Speaking with even a bit of sympathy for Palestinians on Fox News usually is not welcome. I knew that going in of course but figured it was worth appearing if only to reach a few viewers. I also knew that unlike on some other networks, the interview would be particularly hostile so how I conducted myself would be very important. I've sat through plenty of interviews where I was immediately put on the defensive but this was a bit different. This was a circus. 

Once the segment began it became clear to me that Mr. Hannity and his producers were trying to pull the old "Good Arab/Bad Arab" routine. This is a common gimmick on Fox News and the way it works is that they have two guests on for a "debate," both ostensibly of Middle Eastern background. One, in this case Zuhdi Jasser, is there to agree with everything the host says, embrace Israel, the United States and all their policies, and criticize Arabs, Muslims and their culture, religion and politics. This is the "Good Arab," the kind Fox News likes and wants its viewers to like. The other, in this case myself, is there to represent something closer to what most Arabs actually think and feel. This is the "Bad Arab," which Fox News does not like and wants its viewers to despise.  

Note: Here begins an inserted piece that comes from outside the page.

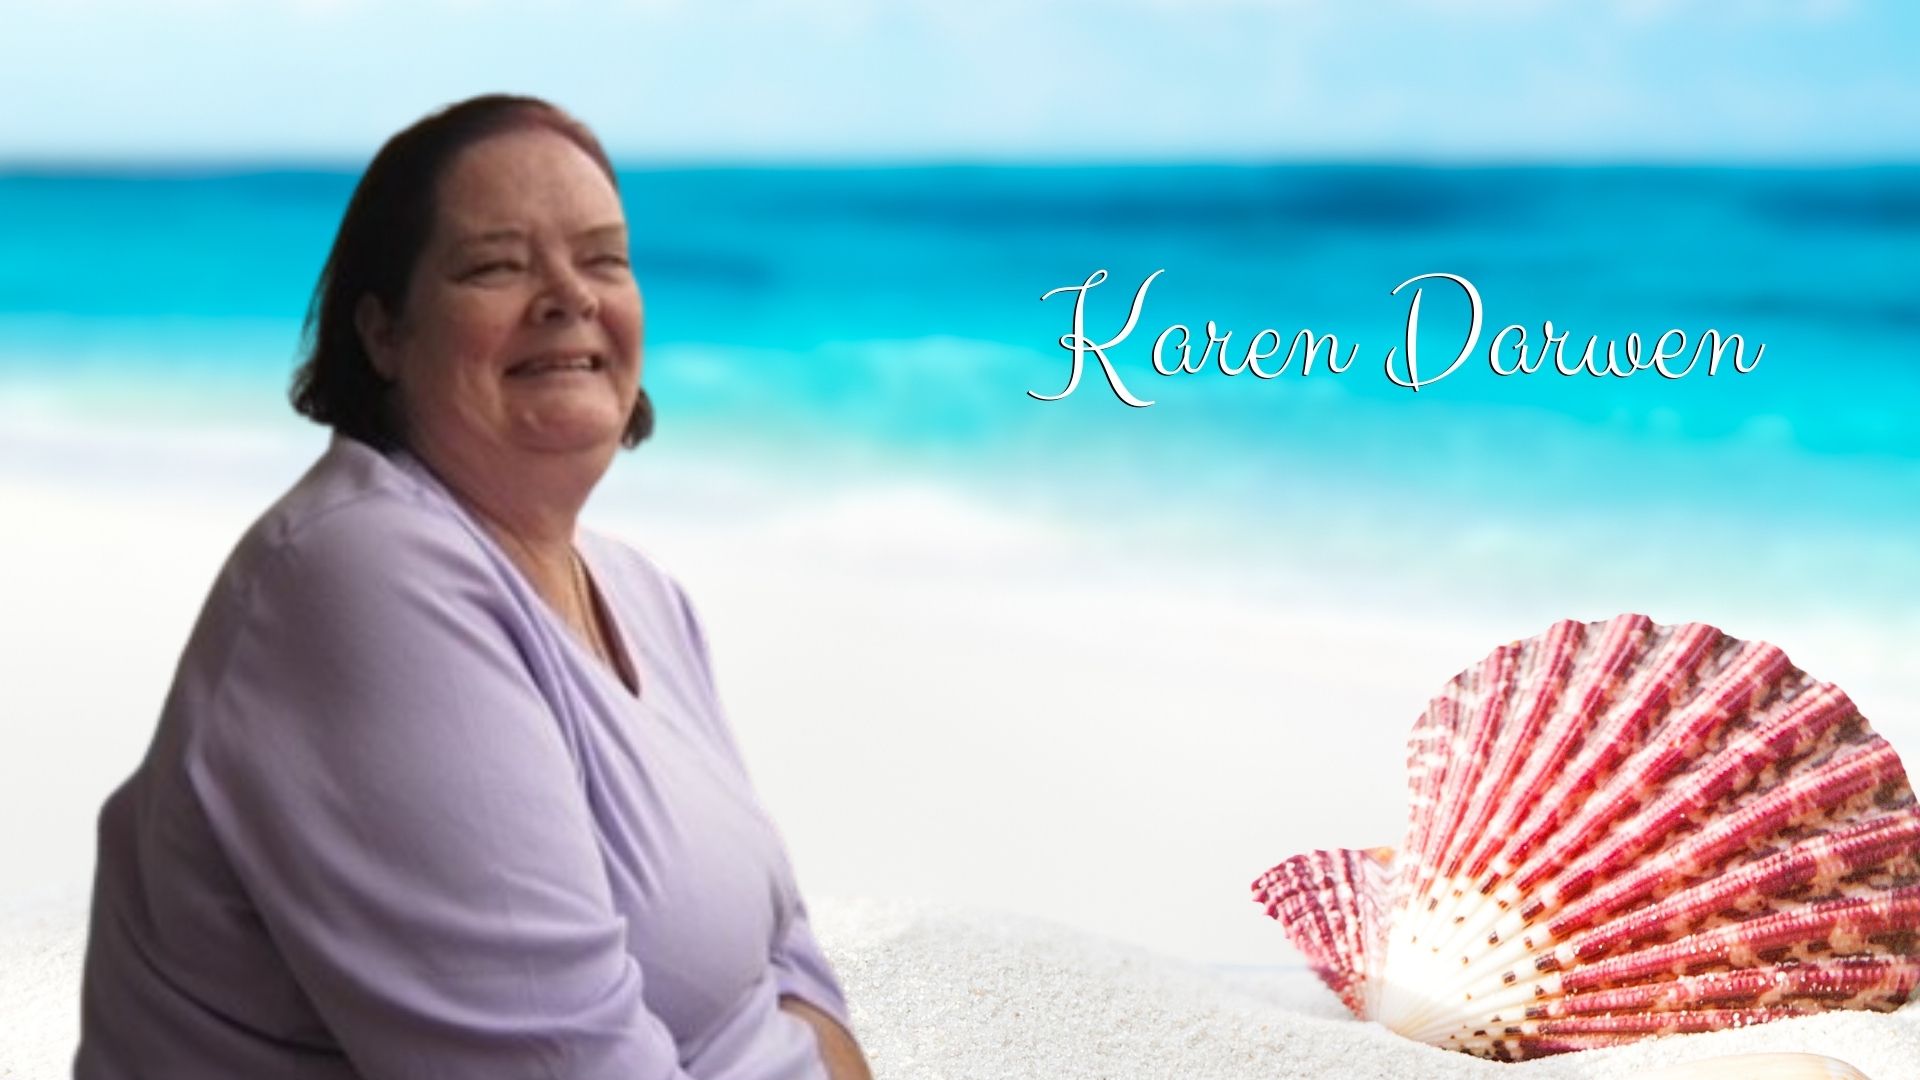 Karen Darwen

But for the Good Arab/Bad Arab routine to really work, the "Bad Arab" has to fit a certain stereotype. They must come off as emotive, barbaric, hot-blooded, violent and generally unfit to engage in civilized Western discourse. Of course this is not who I am, and though I, like anyone, can be provoked when insulted, I was doubly determined not to allow that to happen and fall into the "Bad Arab" trap. If Sean Hannity wanted a circus, there was little I could do at that point to stop him, but I could certainly make sure he alone would come off as the clown. And so it was. The badgering, berating, loud-mouthed, emotive interlocutor unfit to engage in civilized discourse was part of the show in the end, but it was Sean Hannity. 

It was not fun to sit through but my hope was that in the end, reasonable and objective observers watching the segment would realize how inappropriate Hannity's behavior was, how unbecoming it was of anyone doing "journalism" and that the "Bad Arab" wasn't so bad after all and was making important, reasonable points that were being silenced. Of course how successful this would be really depended on how many reasonable and objective observers watched Fox News. Or did it? Apparently in the age of social media and the internet, it does not. Numerous blogs picked up the segment criticizing Hannity's behavior but after a day or so it was largely forgotten and fewer objective eyeballs were exposed to it.

Enter Russell Brand. 

The English celebrity/commentator put together a twelve minute YouTube video picking apart Hannity, showing how ridiculous his behavior and line of questioning was, and talked about legitimate Palestinian grievances.

Fox News dominates the ratings among cable news competitors. The night I was on Hannity's show, July 24th, Hannity brought in 1.9 million viewers. Russell Brand's YouTube video has been viewed nearly 3 million times. 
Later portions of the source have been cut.